On Fri, Jan 9, 2015 at 1:10 AM, Petr Jelinek <petr(at)2ndquadrant(dot)com> wrote:
> On 06/01/15 14:22, Petr Jelinek wrote:
>>
>> On 06/01/15 08:51, Michael Paquier wrote:
>>>
>>> On Tue, Dec 23, 2014 at 5:21 AM, Petr Jelinek <petr(at)2ndquadrant(dot)com>
>>> wrote:
>>>>
>>>> Attached is v3 which besides the fixes mentioned above also includes
>>>> changes
>>>> discussed with Tomas (except the CREATE/DROP TABLESAMPLE METHOD),
>>>> fixes for
>>>> crash with FETCH FIRST and is rebased against current master.
>>>
>>> This patch needs a rebase, there is a small conflict in
>>> parallel_schedule.
>>>
>>
>> Sigh, I really wish we had automation that checks this automatically for
>> patches in CF.
>>
>
> Here is rebase against current master.
Thanks!

>
>>> Structurally speaking, I think that the tsm methods should be added in
>>> src/backend/utils and not src/backend/access which is more high-level
>>> as tsm_bernoulli.c and tsm_system.c contain only a set of new
>>
>>
>> I am not sure if I parsed this correctly, do you mean to say that only
>> low-level access functions belong to src/backend/access? Makes sense.
>
>
> Made this change.
>
>>
>>> procedure functions. Having a single header file tsm.h would be also a
>>> good thing.
>>
>>
>
> Moved into single tablesample.h file.
>
>>
>>> Regarding the naming, is "tsm" (table sample method) really appealing?
>>> Wouldn't it be better to use simply tablesample_* for the file names
>>> and the method names?
>>>
>
> I created the src/backend/tablesample and files are named just system.c and
> bernoulli.c, but I kept tsm_ prefix for methods as they become too long for
> my taste when prefixing with tablesample_.
>
>>> This is a large patch... Wouldn't sampling.[c|h] extracted from
>>> ANALYZE live better as a refactoring patch? This would limit a bit bug
>>> occurrences on the main patch.
>>>
>>
>> That's a good idea, I'll split it into patch series.
>>
>
> I've split the sampling.c/h into separate patch.
>
> I also wrote basic CREATE/DROP TABLESAMPLE METHOD support, again as separate
> patch in the attached patch-set. This also includes modules test with simple
> custom tablesample method.
>
> There are some very minor cleanups in the main tablesample code itself but
> no functional changes.

Some comments about the 1st patch:
1) Nitpicking:
+ * Block sampling routines shared by ANALYZE and TABLESAMPLE.
TABLESAMPLE is not added yet.

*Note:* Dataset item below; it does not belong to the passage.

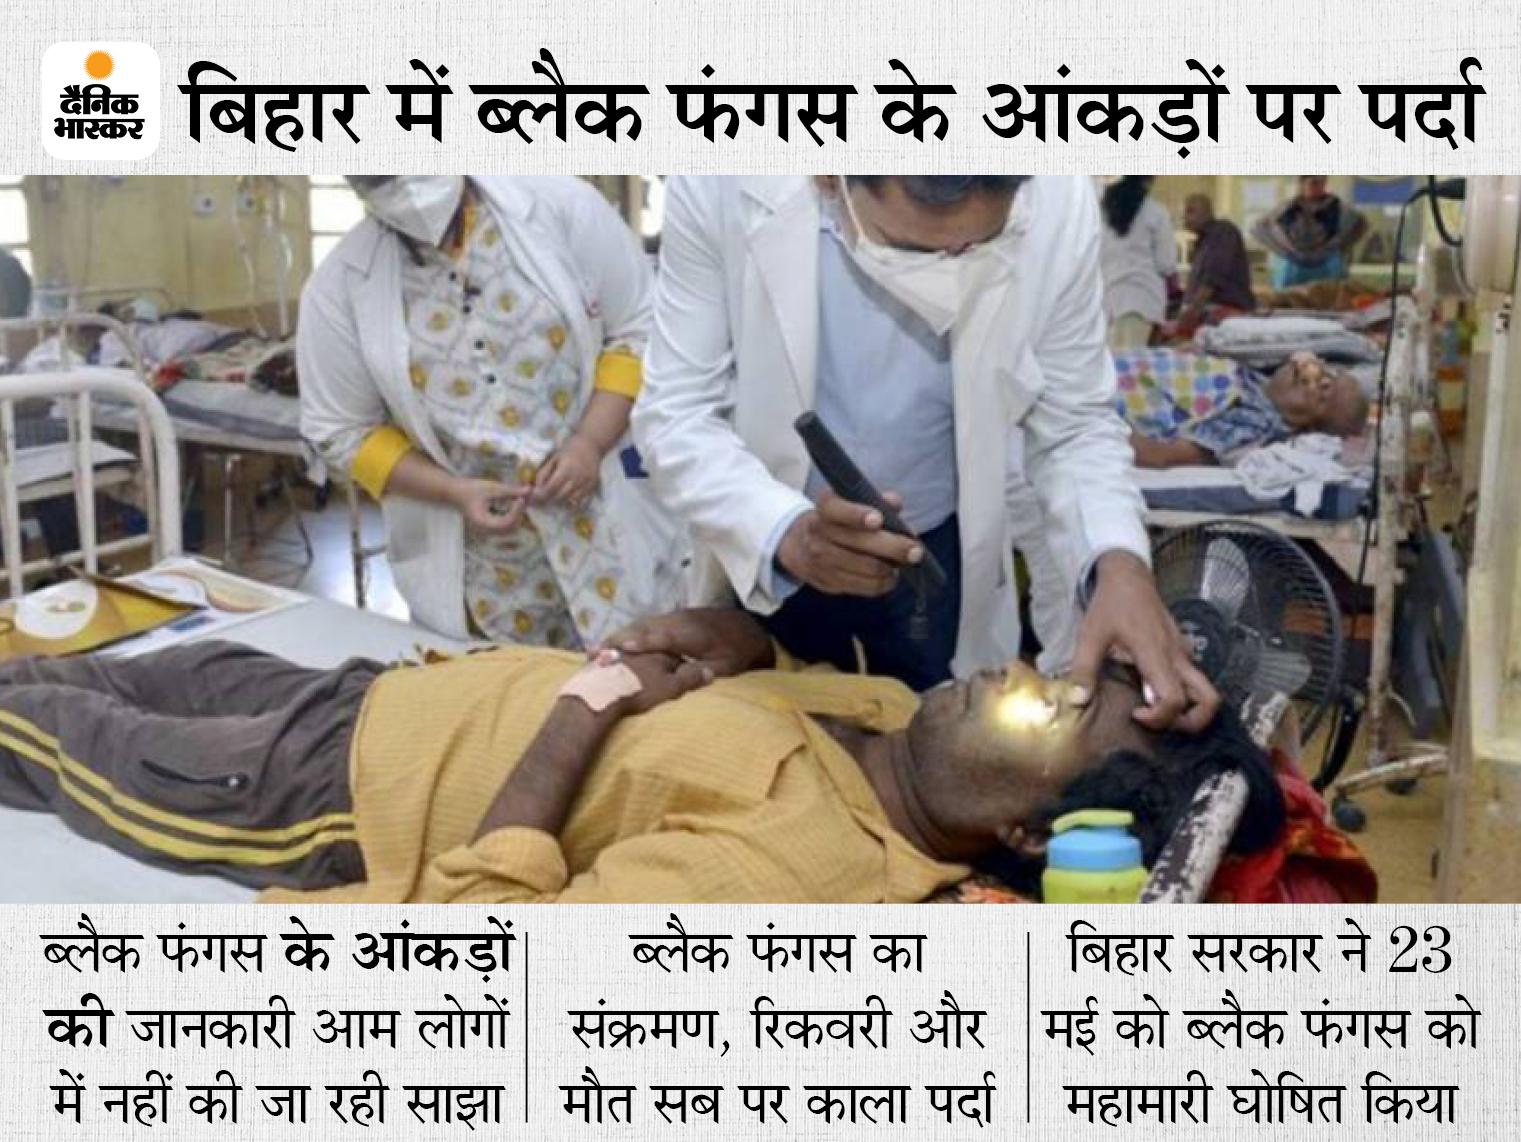 23 मई को बिहार में महामारी घोषित, 6 जून तक नहीं उठा आंकड़ों से पर्दा, ED से पूछने पर भी नहीं दी जानकारी|बिहार,Bihar - Dainik Bhaskar
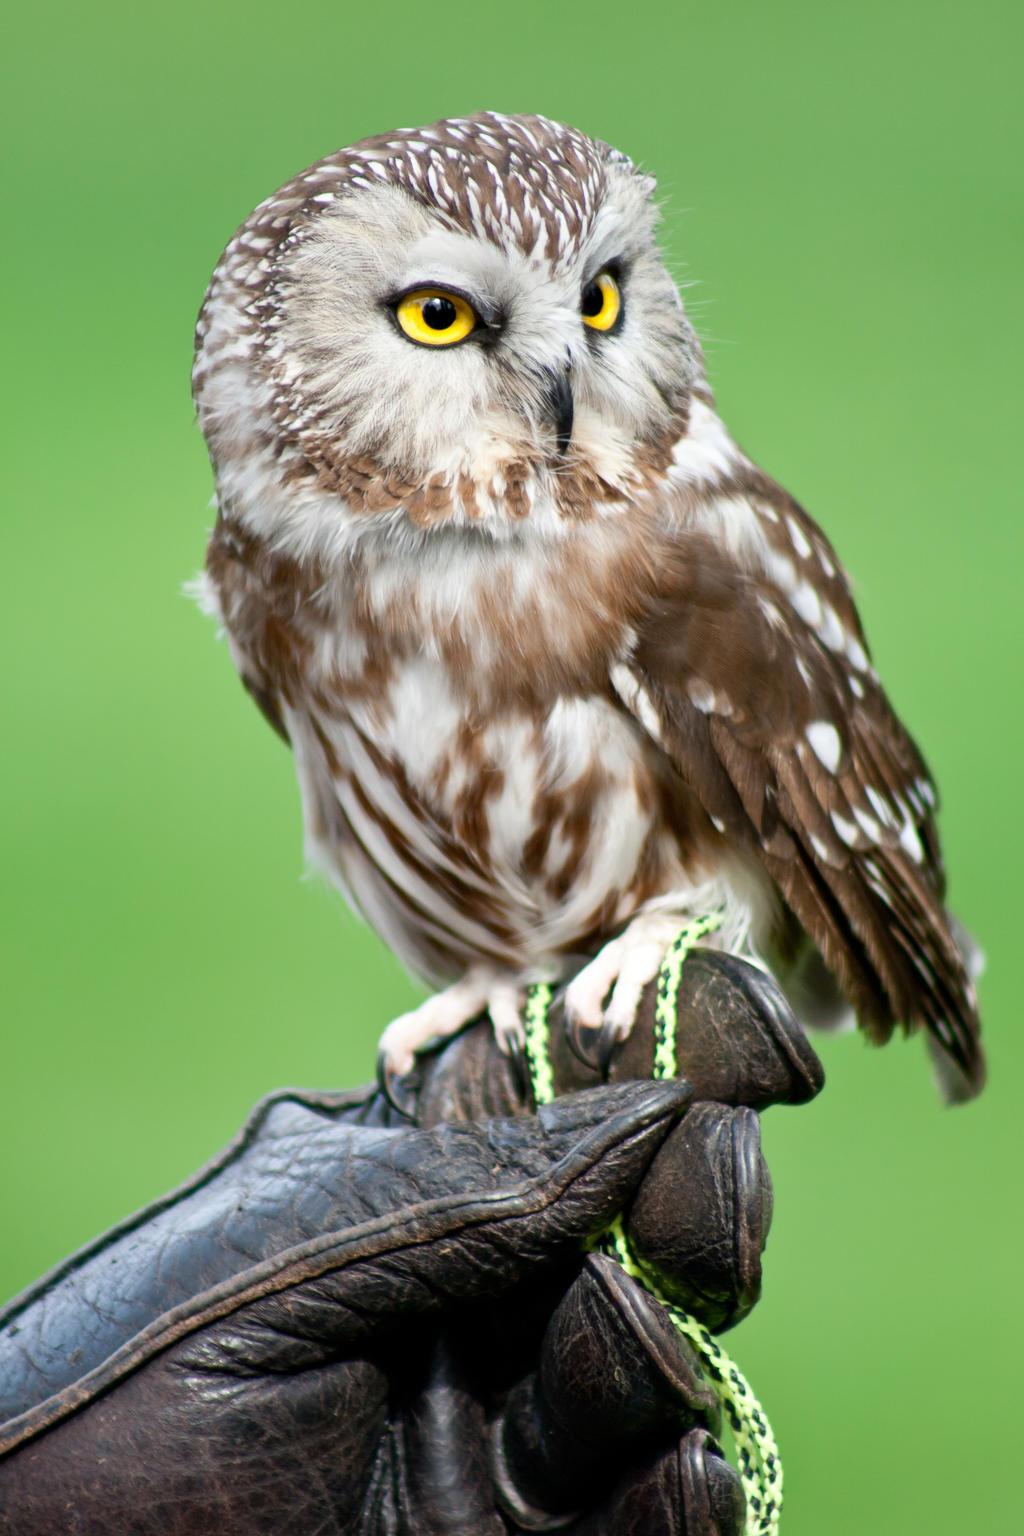 Owl-2 by Eruwyn

You may as well mention simplify this
description with something like "Sampling routines for relation
blocks".

2) file_fdw and postgres_fdw do not compile correctly as they still
use anl_random_fract. This function is still mentioned in vacuum.h as
well.

3) Not really an issue of this patch, but I'd think that this comment
should be reworked:
+ * BlockSampler is used for stage one of our new two-stage tuple
+ * sampling mechanism as discussed on pgsql-hackers 2004-04-02 (subject
+ * "Large DB"). It selects a random sample of samplesize blocks out of
+ * the nblocks blocks in the table. If the table has less than
+ * samplesize blocks, all blocks are selected.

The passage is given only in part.